Recorded information:

- - - -

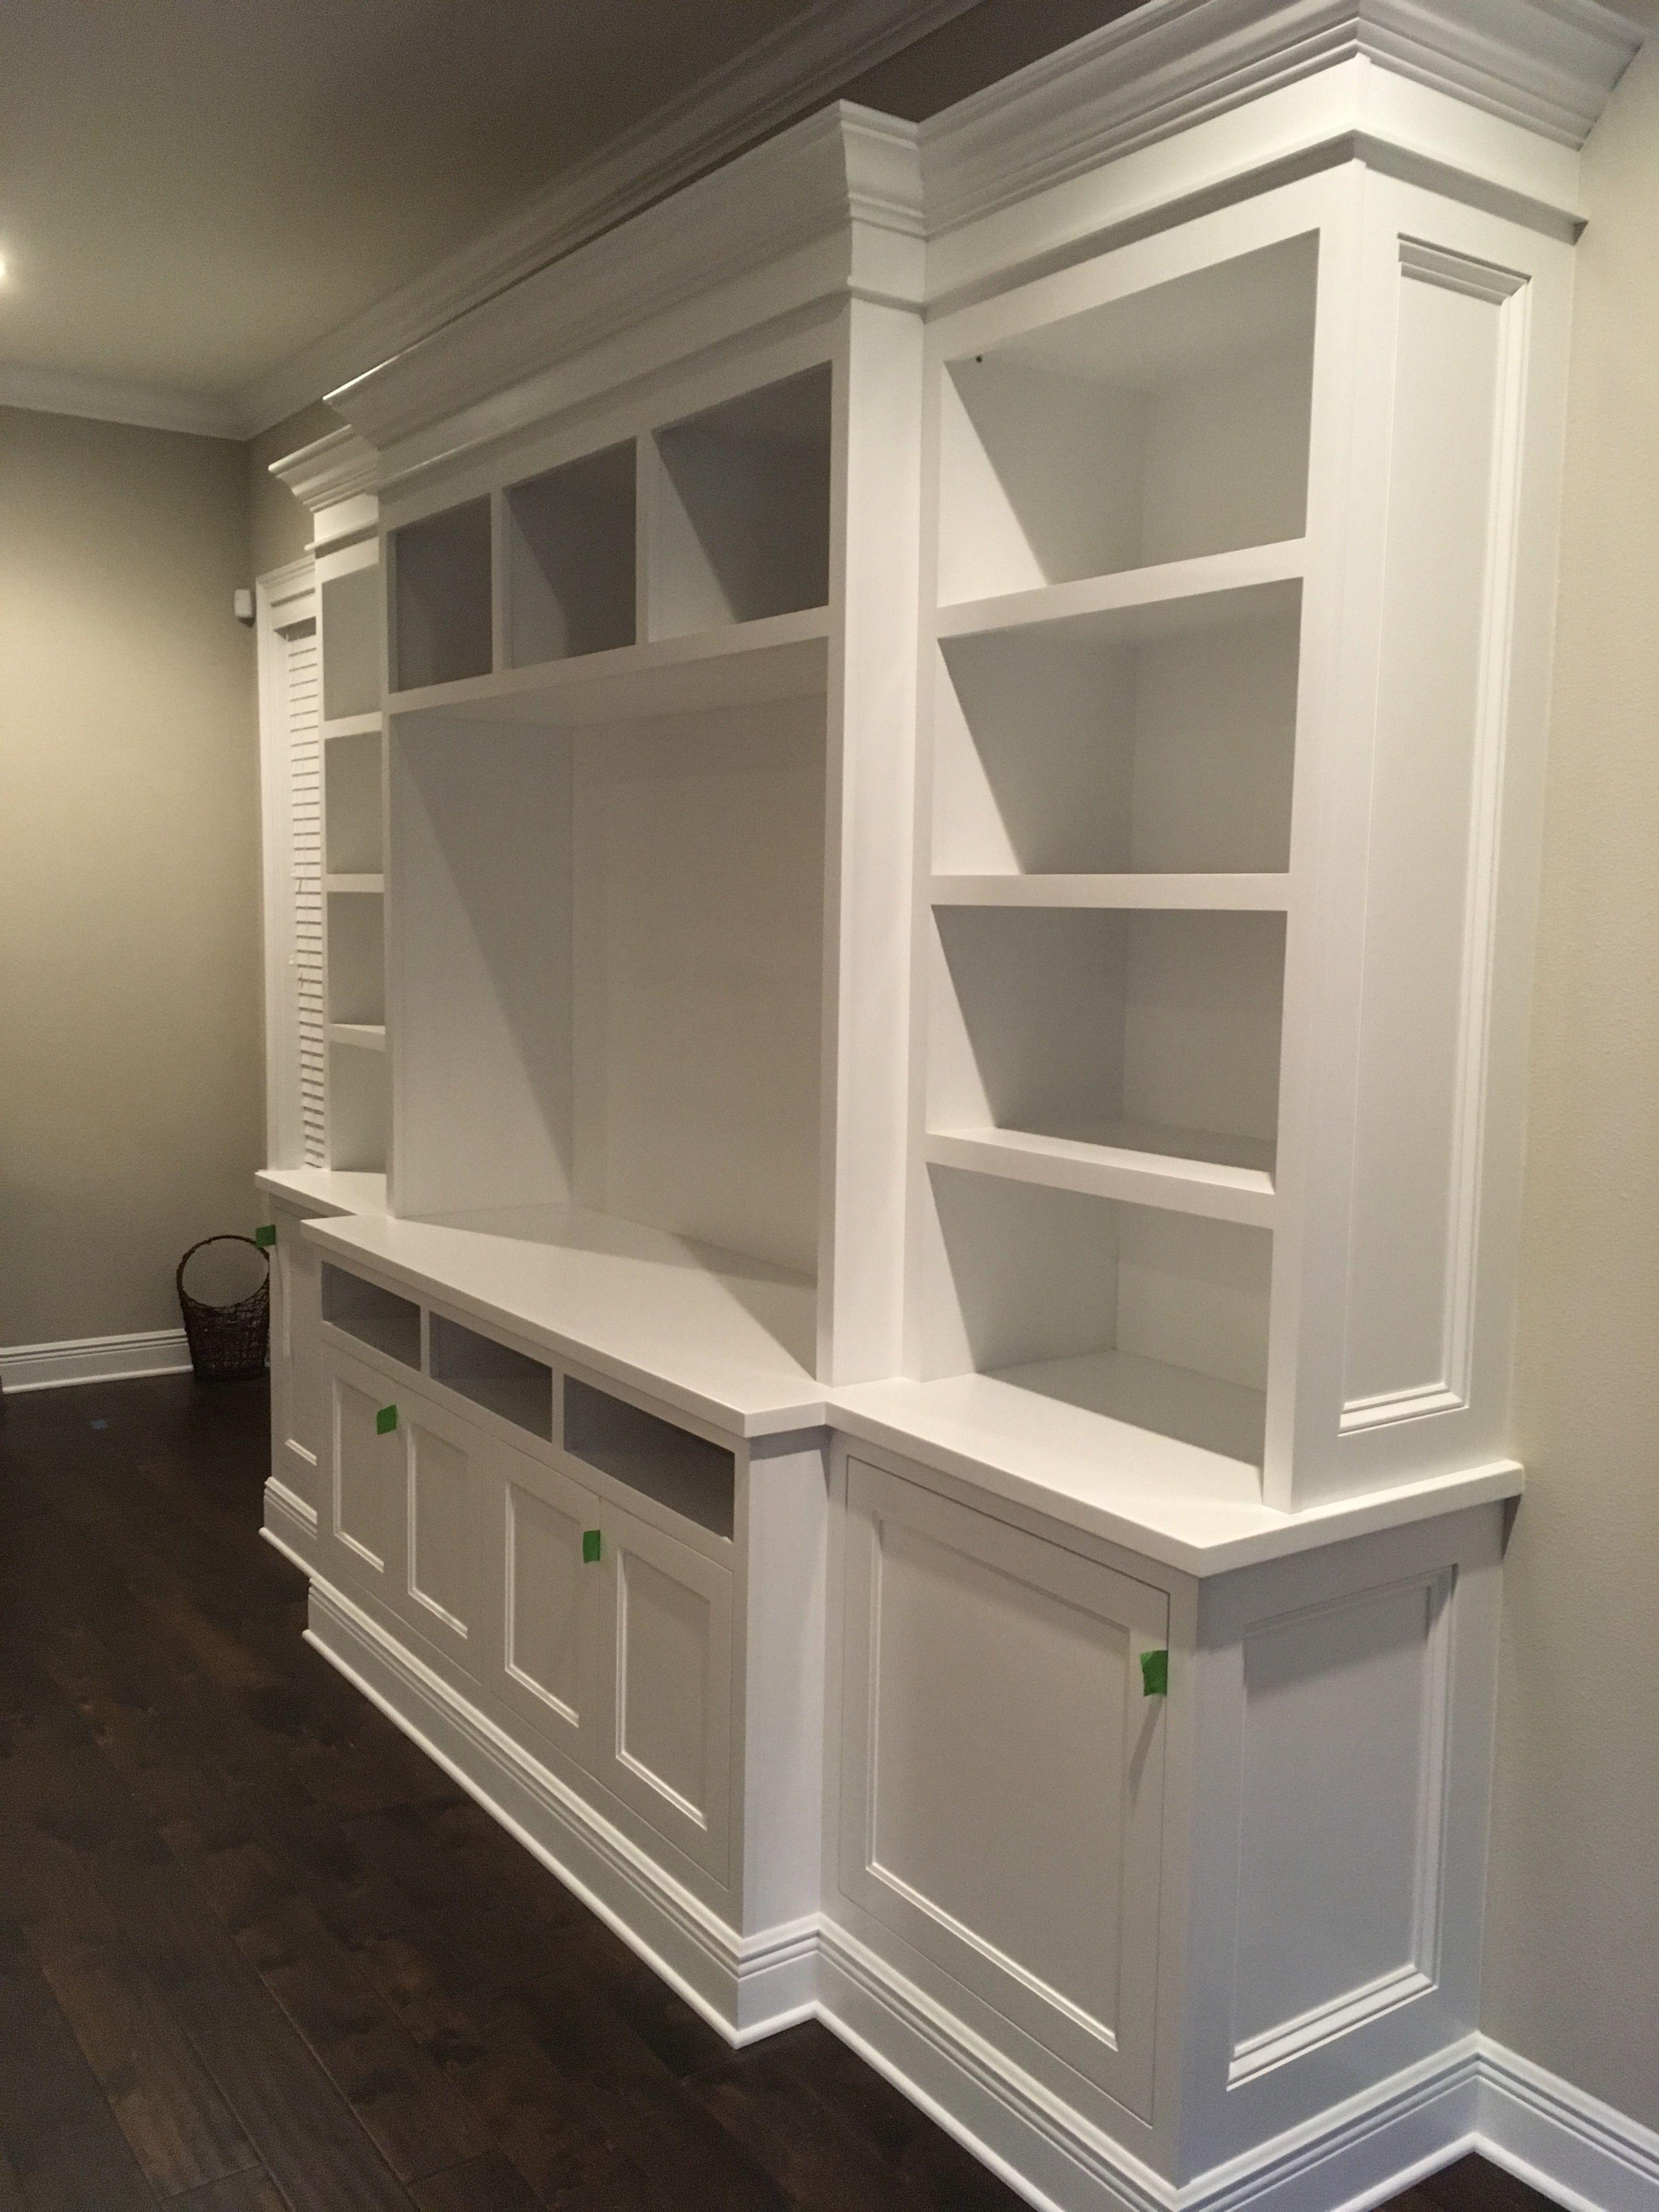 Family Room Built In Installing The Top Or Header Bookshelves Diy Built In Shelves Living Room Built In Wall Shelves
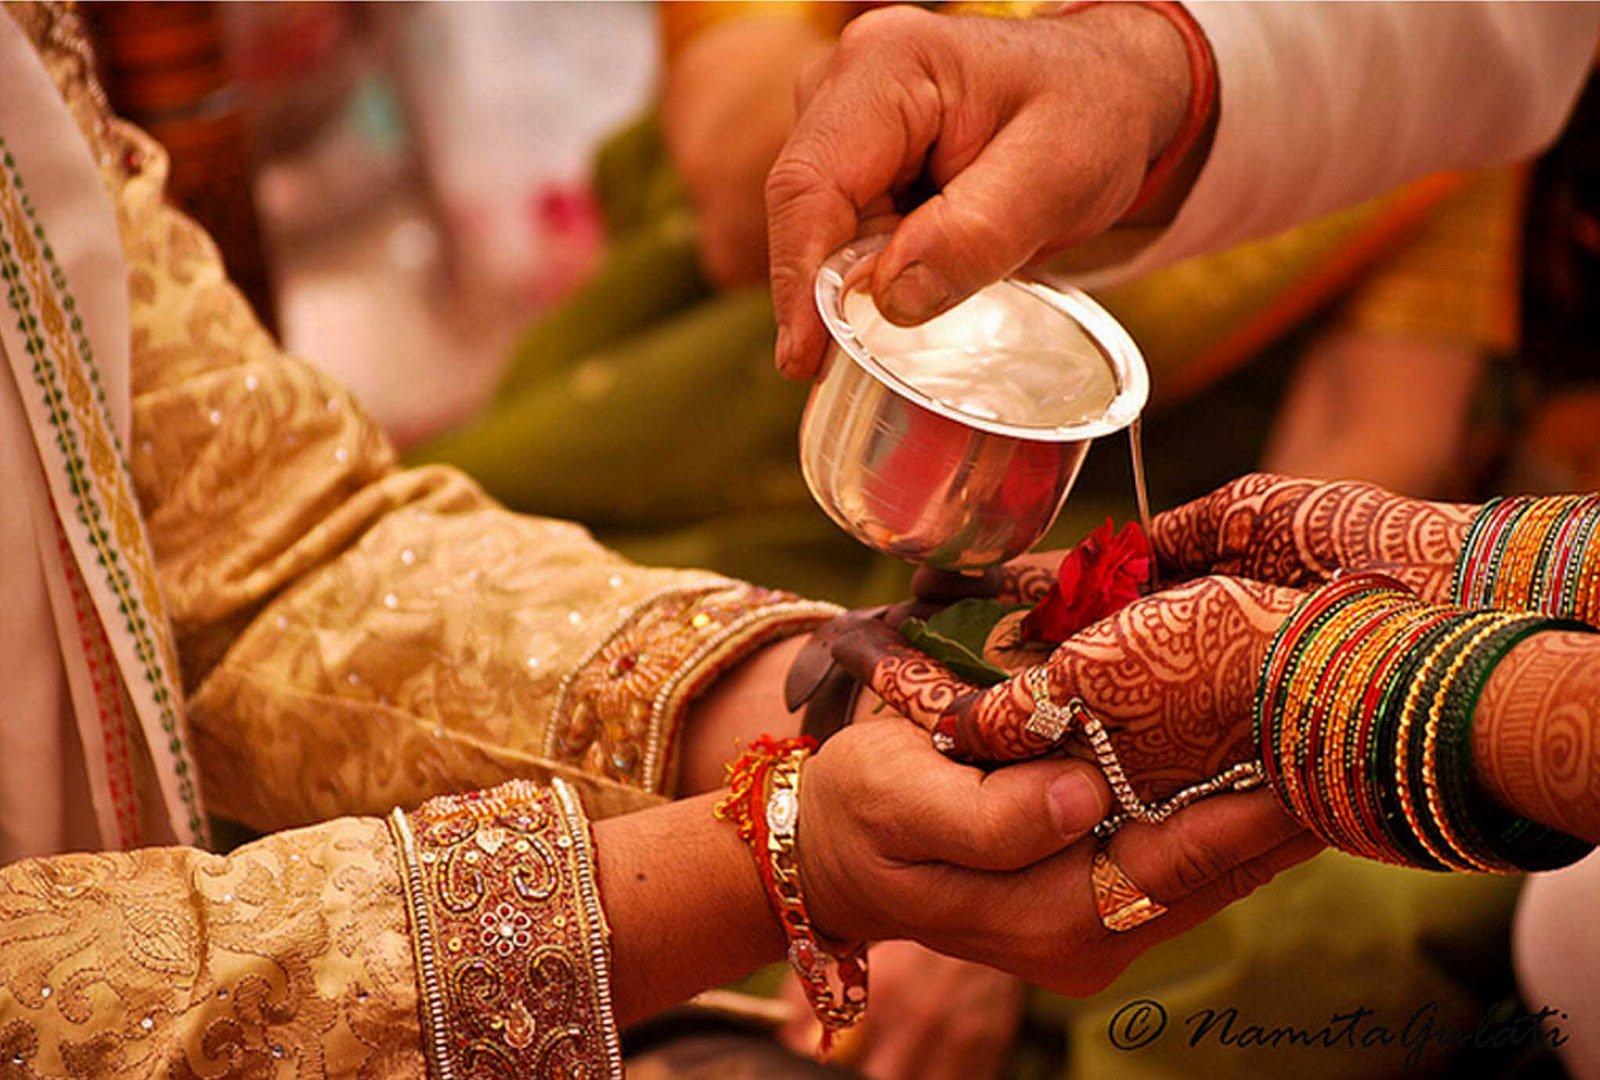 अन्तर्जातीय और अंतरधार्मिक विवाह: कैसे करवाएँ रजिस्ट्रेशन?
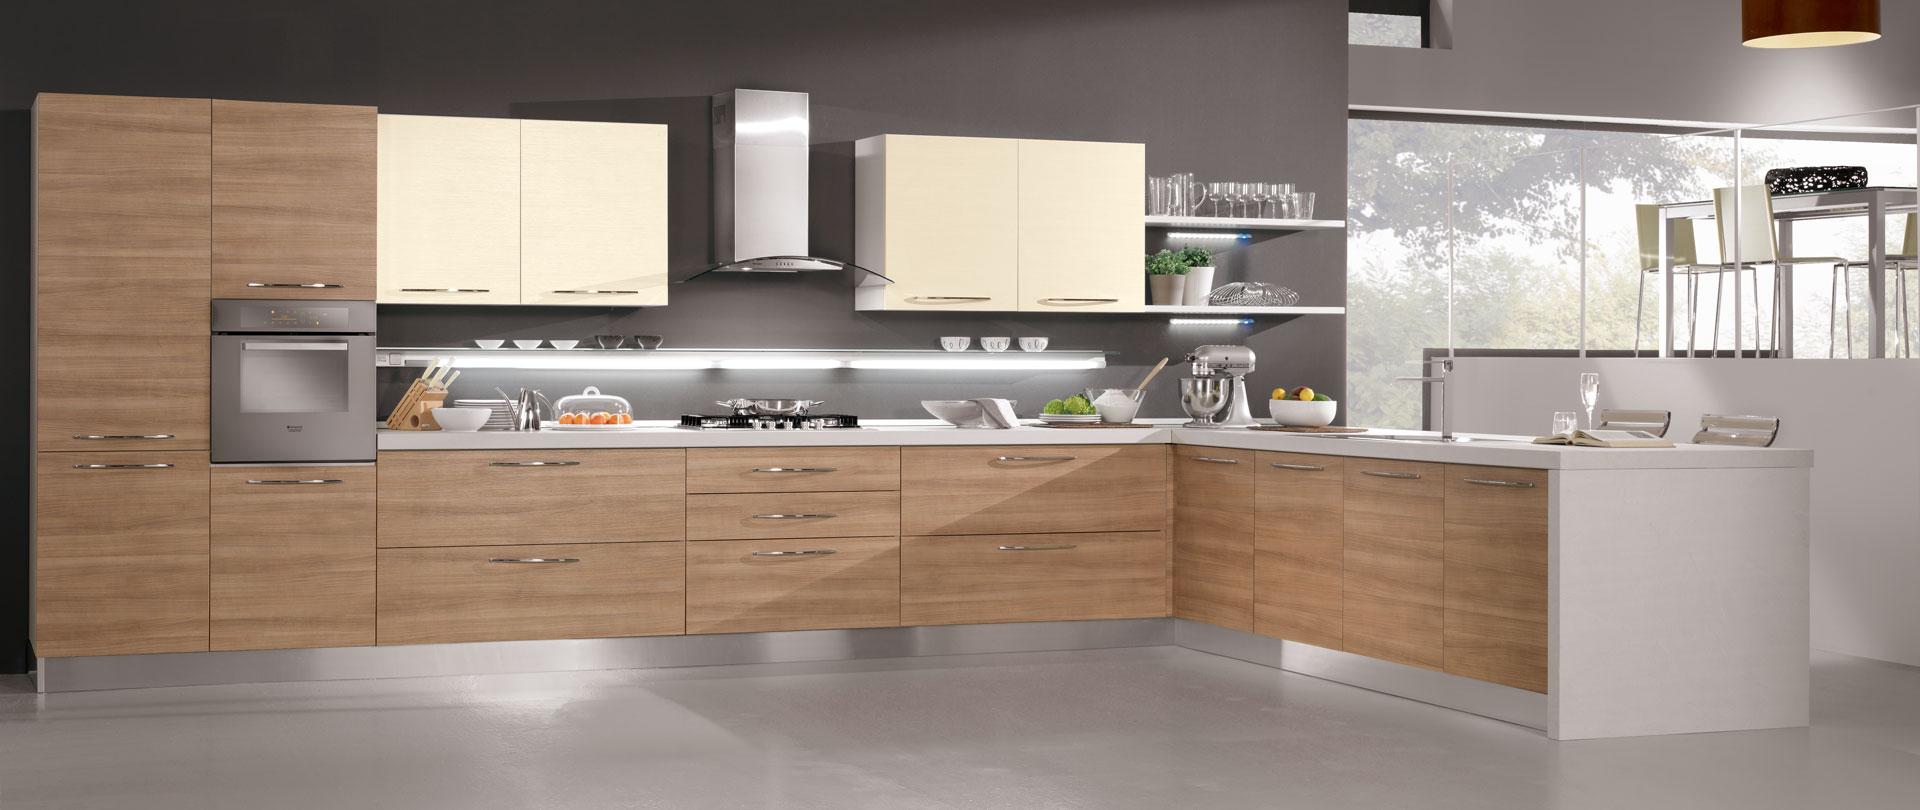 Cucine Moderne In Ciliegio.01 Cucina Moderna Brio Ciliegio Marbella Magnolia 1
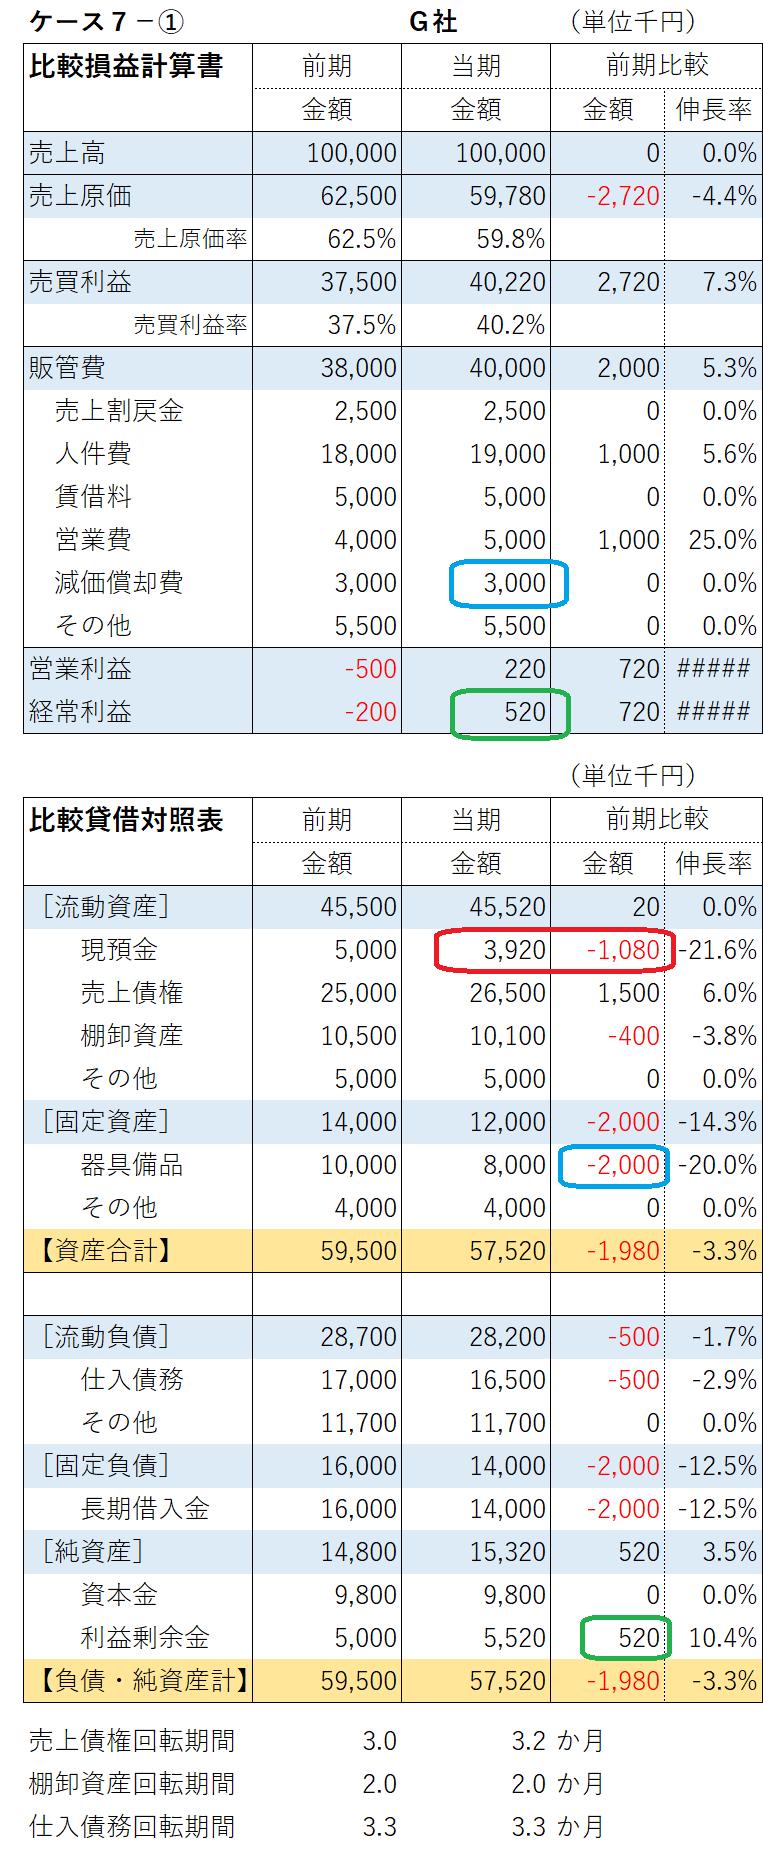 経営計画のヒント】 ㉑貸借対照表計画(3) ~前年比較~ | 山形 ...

- - - -

What is expected: Copy exactly, and only, the lines from the line containing "Cucine Moderne In" through the final line of the material above, with no pictures.

Result:
 Cucine Moderne In Ciliegio.01 Cucina Moderna Brio Ciliegio Marbella Magnolia 1
 経営計画のヒント】 ㉑貸借対照表計画(3) ~前年比較~ | 山形 ...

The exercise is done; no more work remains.